Burying the Dead
The Battle of the Wilderness
At battles end, more than 2,000 Union dead lay scattered through the Wilderness. The first major effort to bury the dead came more than a year later, when a Union regiment received orders to proceed to the Wilderness and inter those Union soldiers whose remains still littered the landscape.
For a week burial parties combed the woods, gathering up as many remains as they could find. They placed the bones in wooden coffins and buried them in two temporary graveyards; one near here beside the Orange Plank Road and the other on the Orange Turnpike. Wilderness National Cemetery #2, as this plot was called, held 534 bodies. Today shallow depressions in the ground are all that remain.
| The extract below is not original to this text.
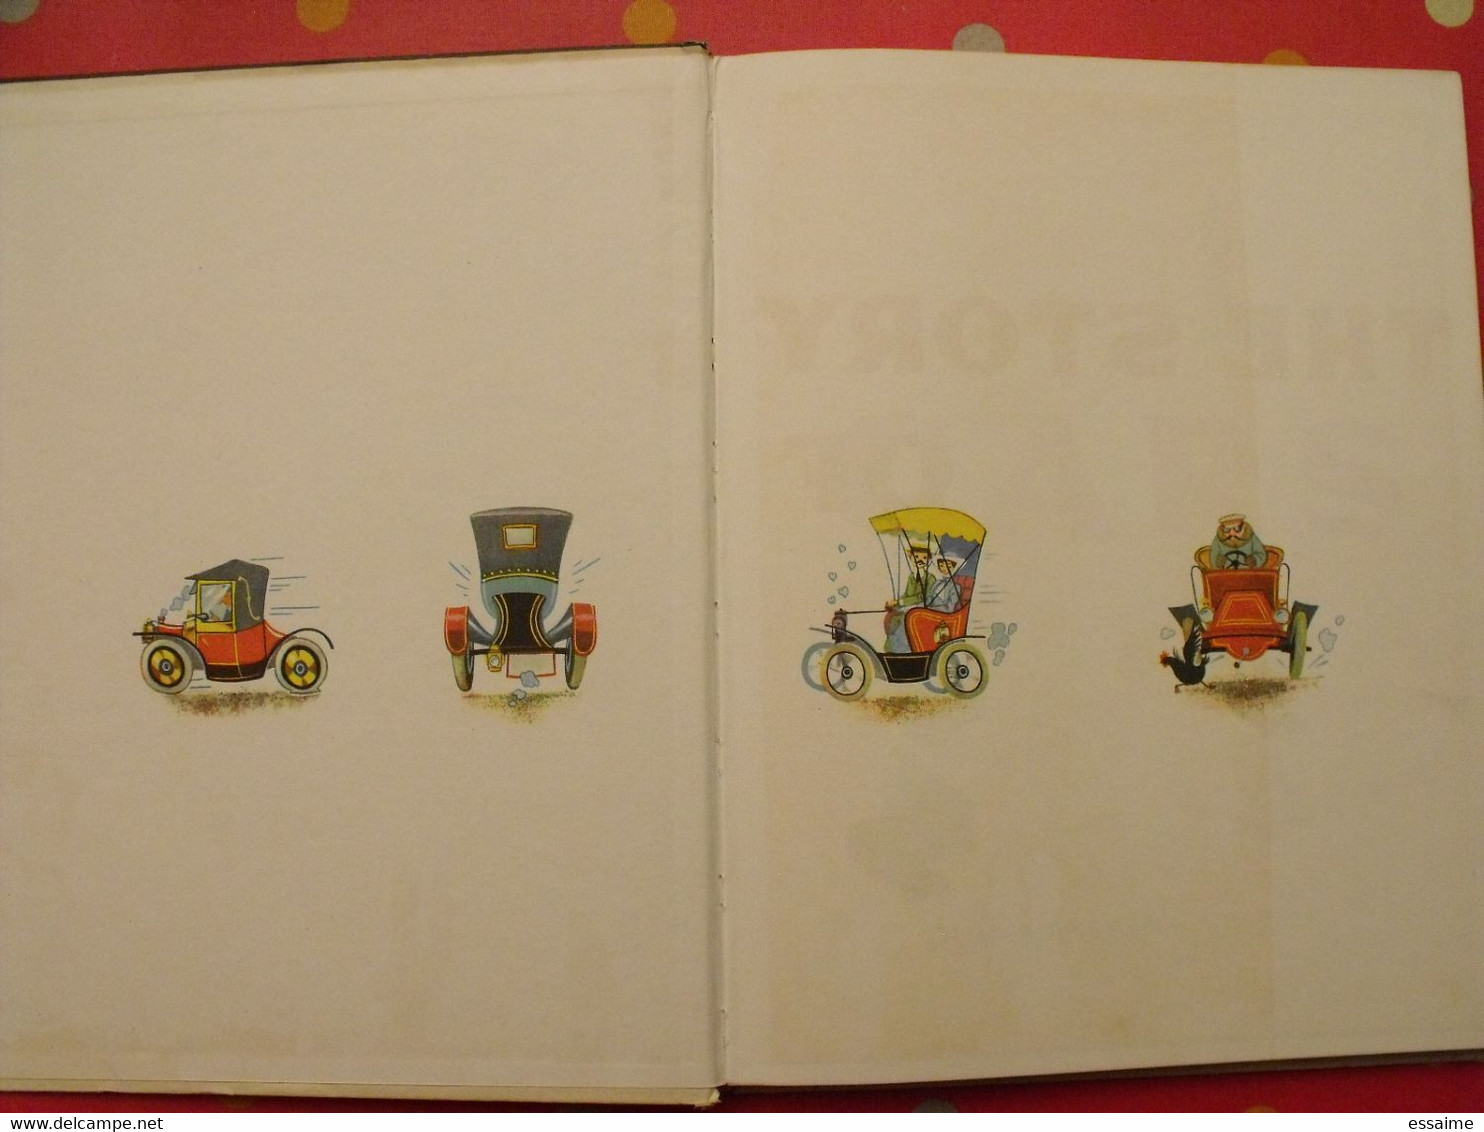 The Story Of Cars. Oldbourne Press 1961. Histoire De L'automobile. Bien Illustré - Transportation

The cemeteries remained in existence only a short time. Concluding that it would be easier to manage one large cemetery rather than several small ones, the War Department transferred the Wilderness dead to Fredericksburg National Cemetery in the late 1860s.
Having collected all that a thorough search could discover, graves were dug….Ten skulls were placed in each coffin, which was then filled with bones - the lid screwed on, and...lowered into their last resting place, unknown, but not unhonored nor unsung.
Lieutenant William D.F. Landon, 1st United States Volunteer Veterans.
Marker is on Orange Plank Road (Virginia Route 621), on the right when traveling east.